Excluding any images, copy all of the lines below precisely as written.

Source material.
--- --- ---

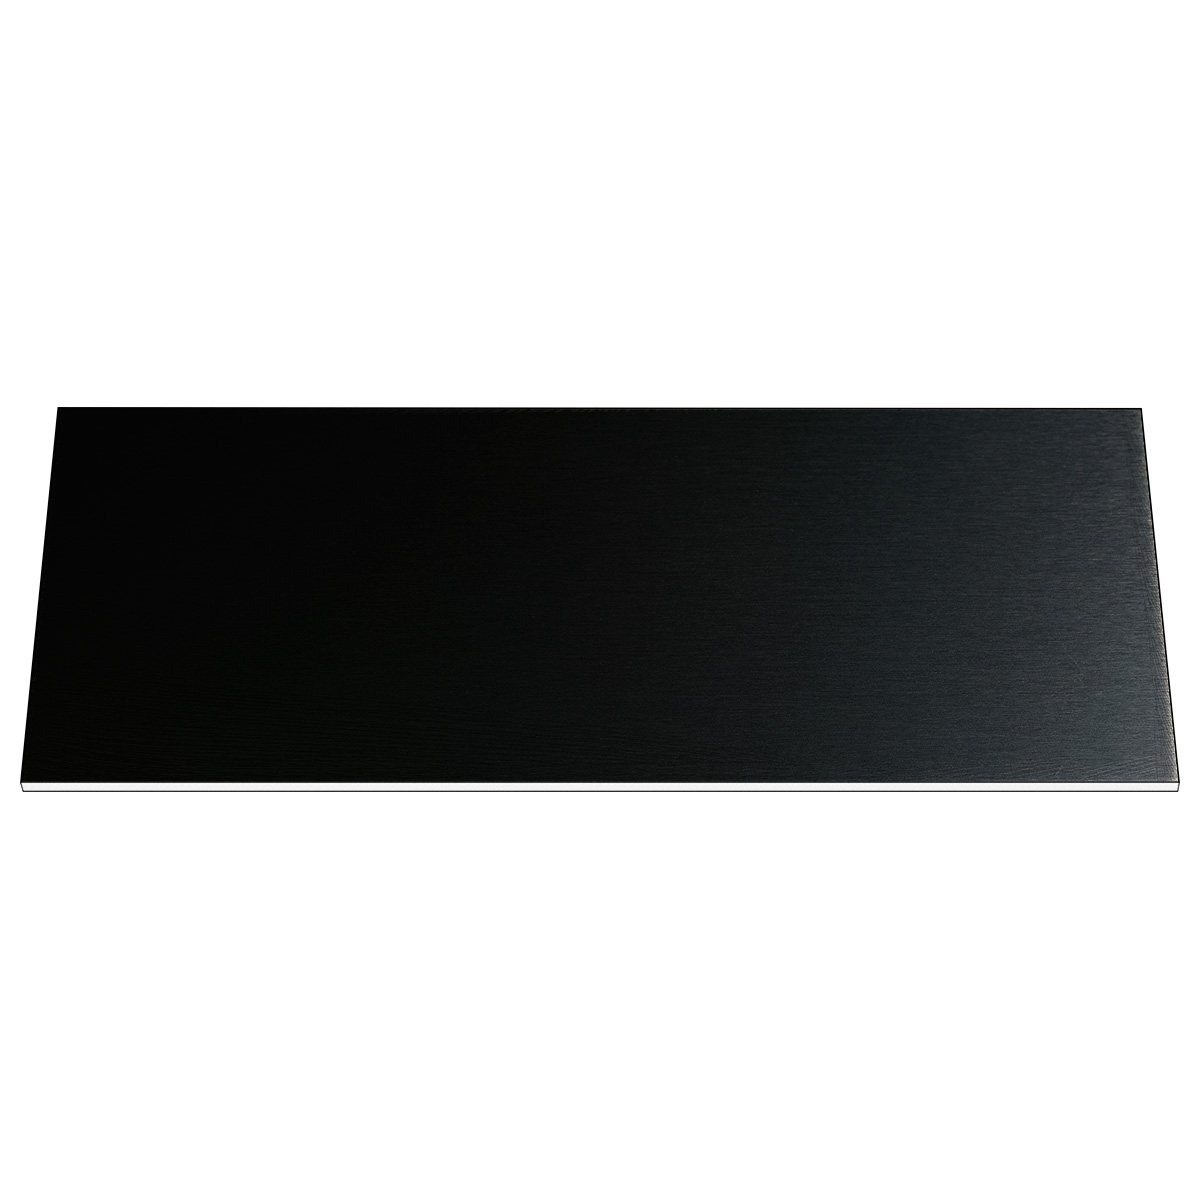 Gravurschild Resopal, schwarz, rechteckig, 100 x 40 mm, 1,5 mm dick, mit Kleber
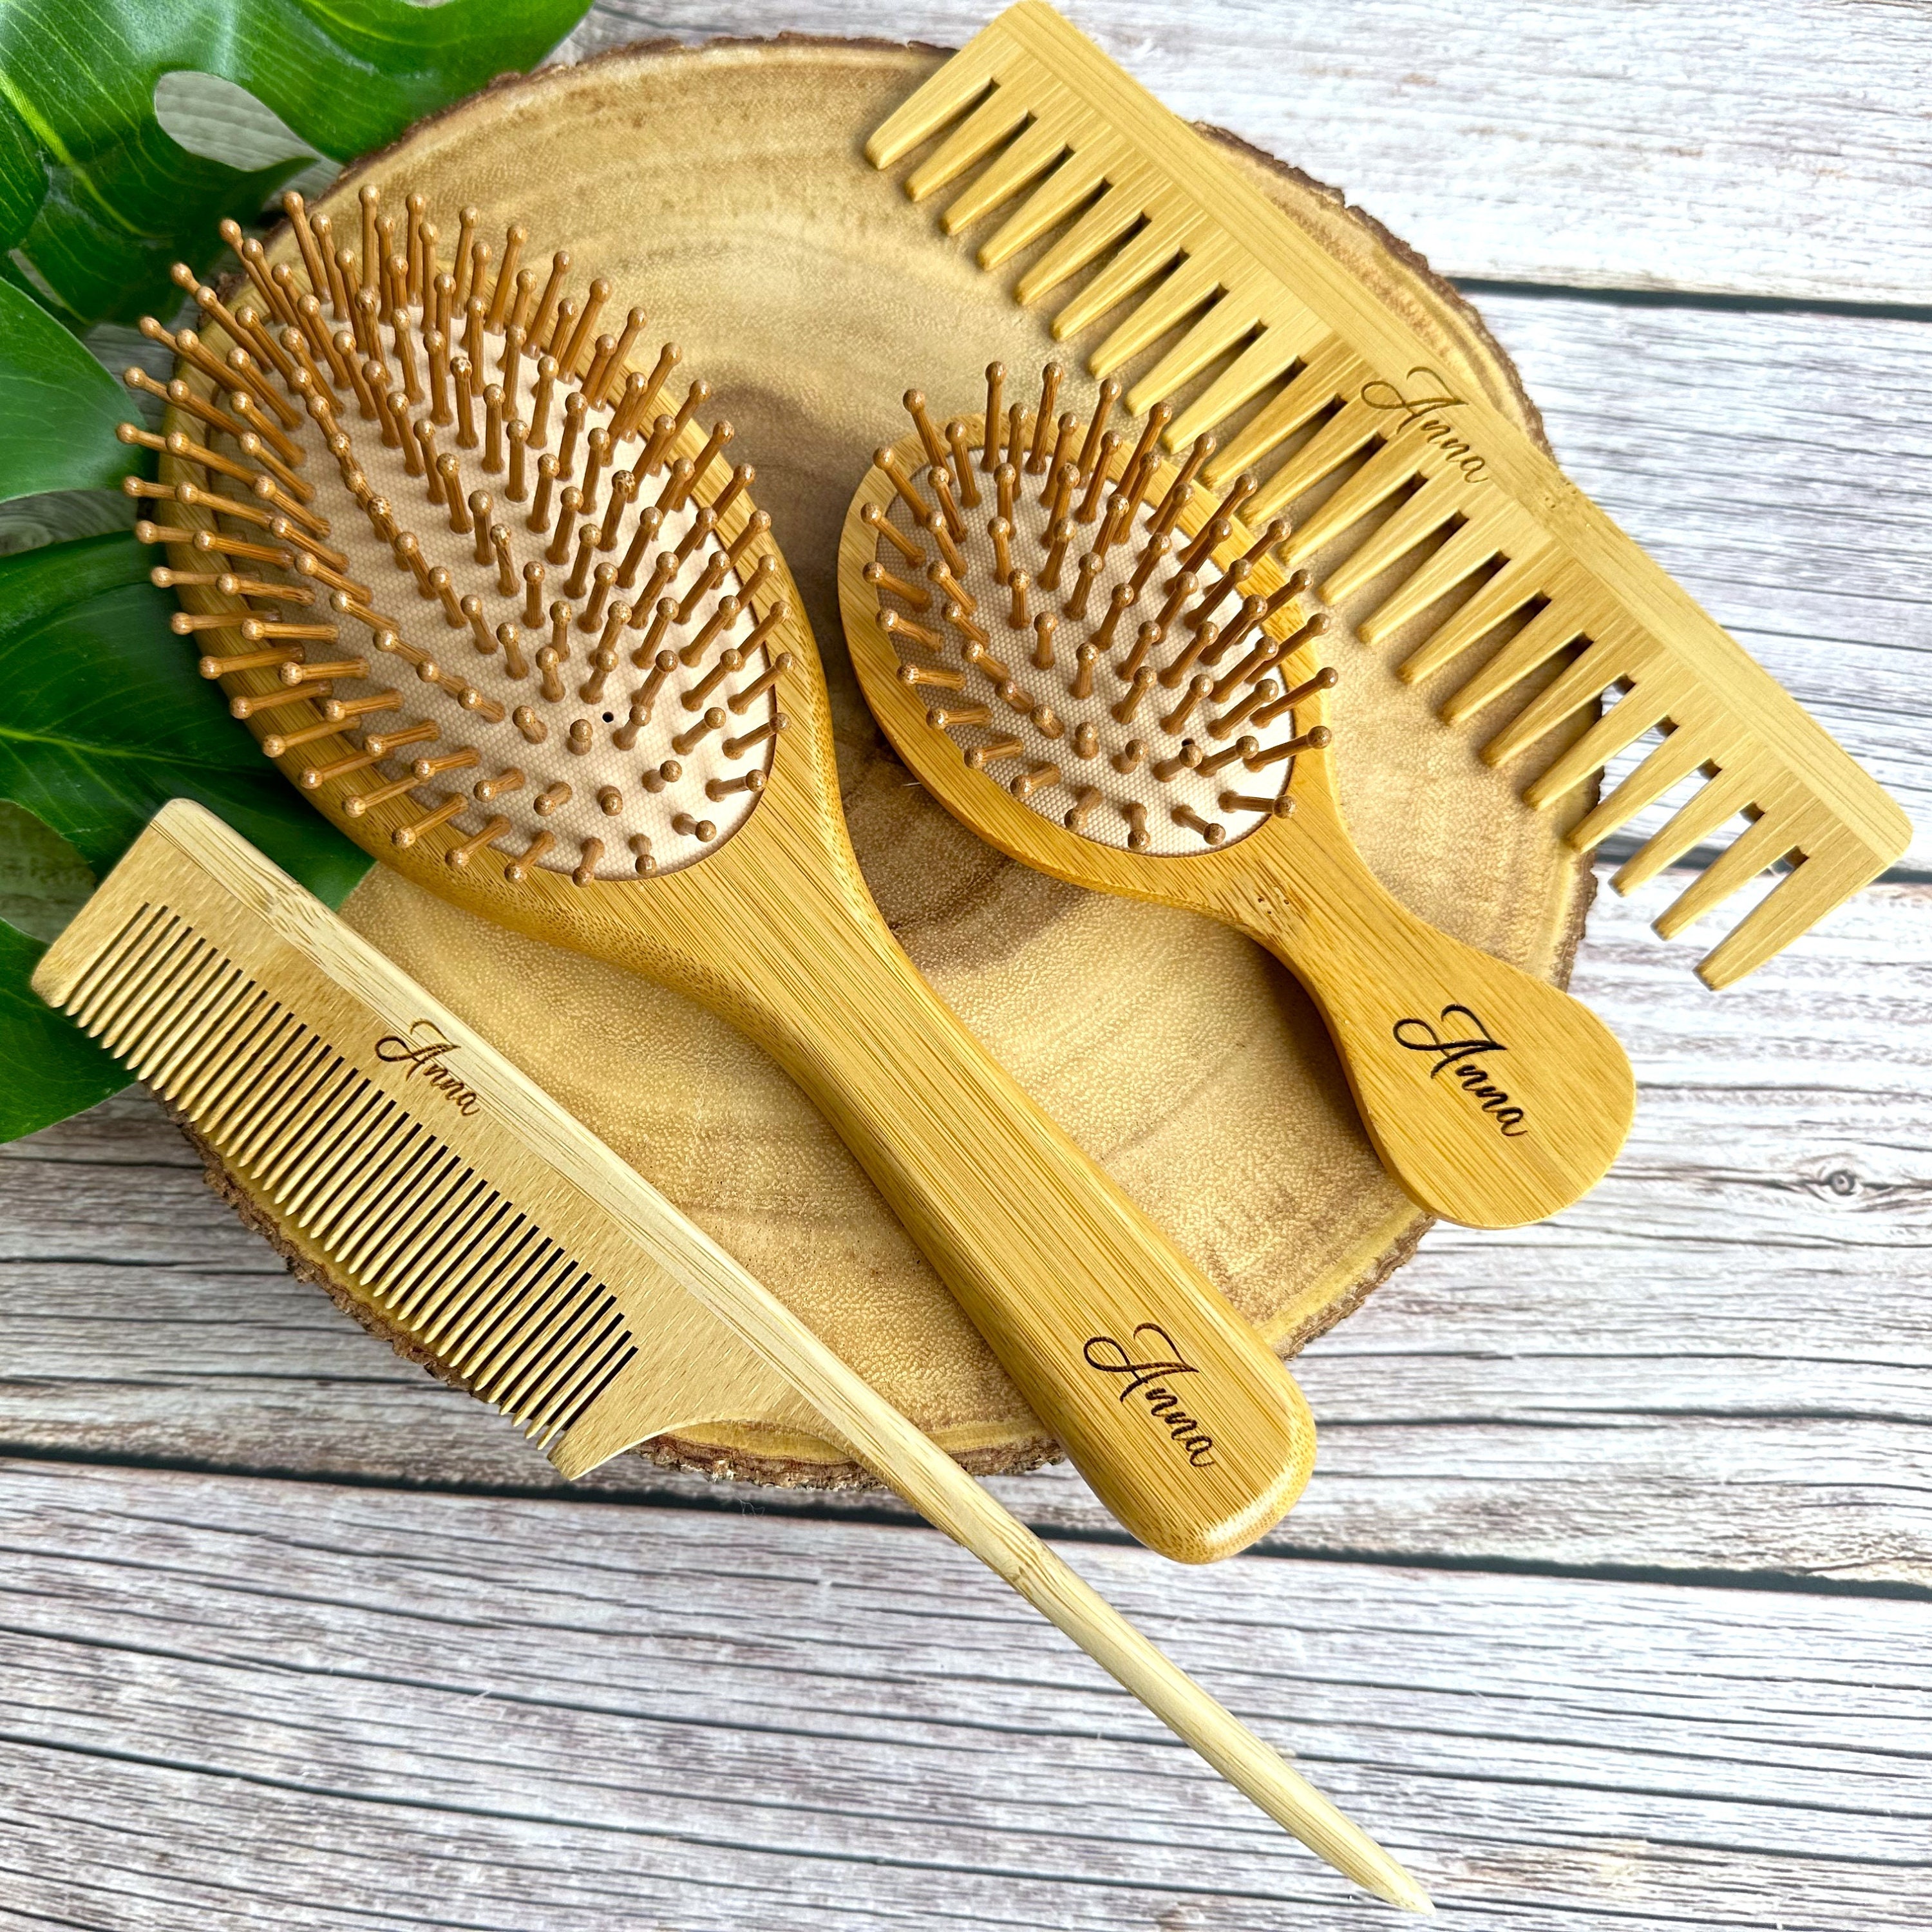 Cepillo para el cabello, cepillo de bambú para el pelo de paleta de madera,  peine de masaje, promueve y protege el cuero cabelludo para peinar.
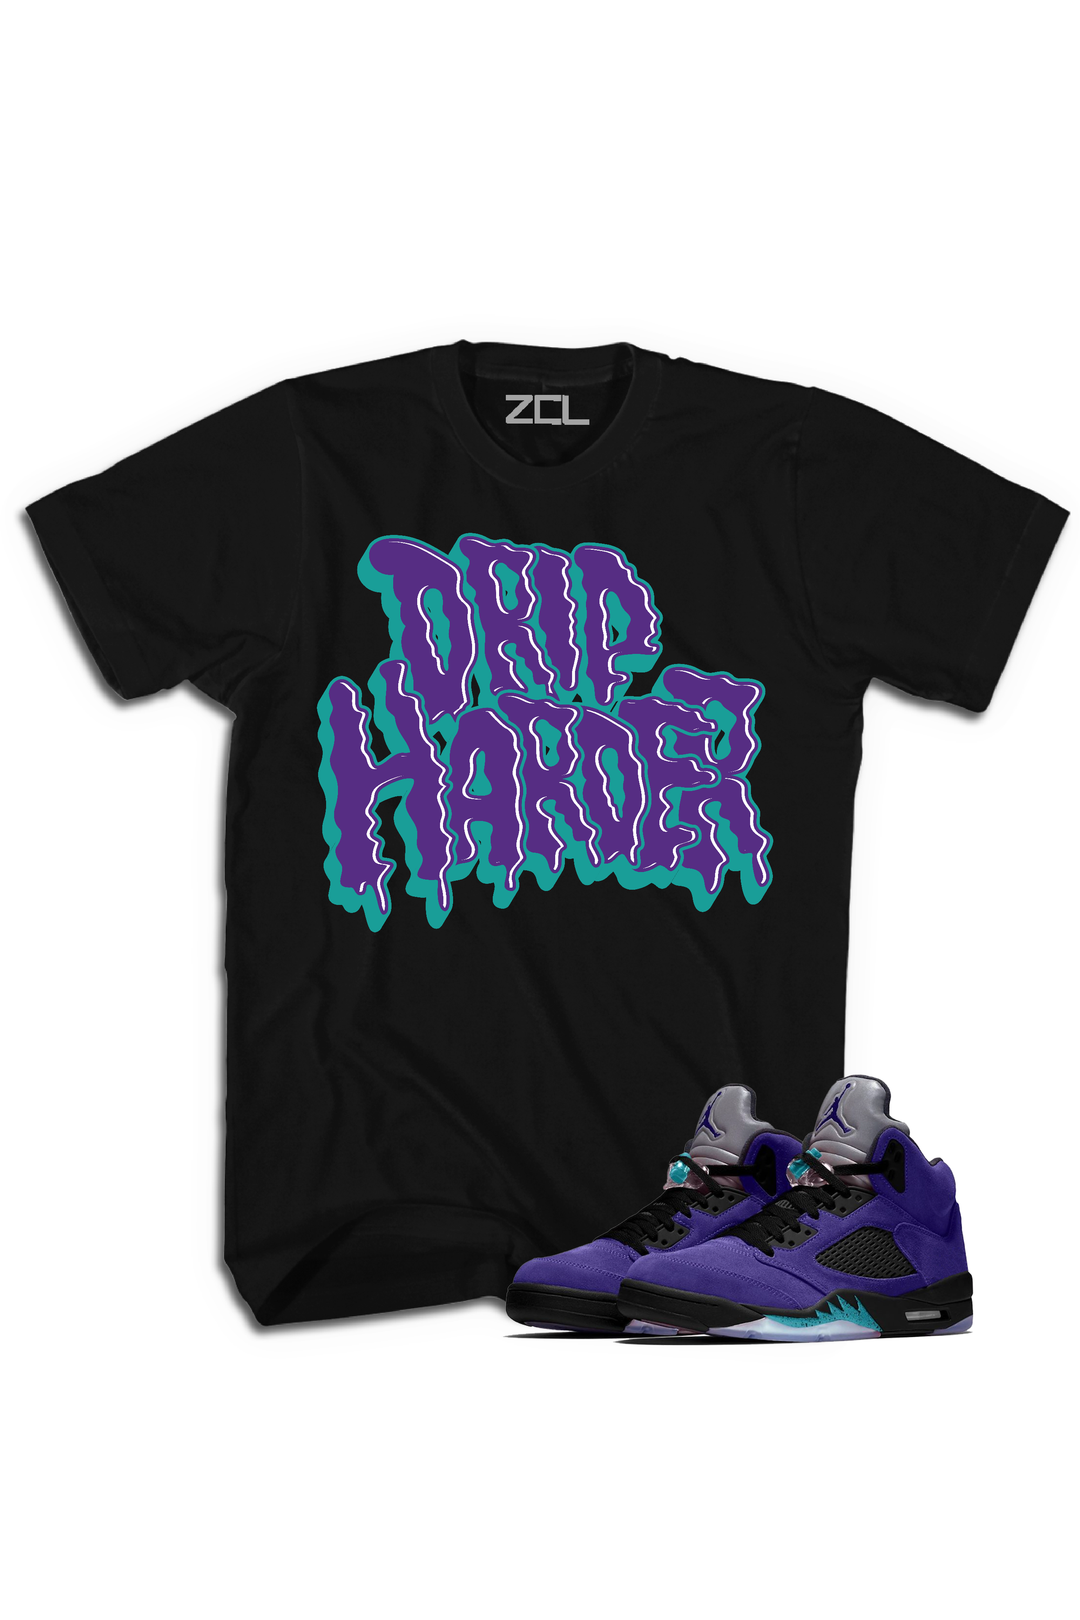 Air Jordan 5 Retro "Drip Harder" Tee Purple Grape - Zamage

--- --- ---

Response area.
 Gravurschild Resopal, schwarz, rechteckig, 100 x 40 mm, 1,5 mm dick, mit Kleber
 Cepillo para el cabello, cepillo de bambú para el pelo de paleta de madera,  peine de masaje, promueve y protege el cuero cabelludo para peinar.
 Air Jordan 5 Retro "Drip Harder" Tee Purple Grape - Zamage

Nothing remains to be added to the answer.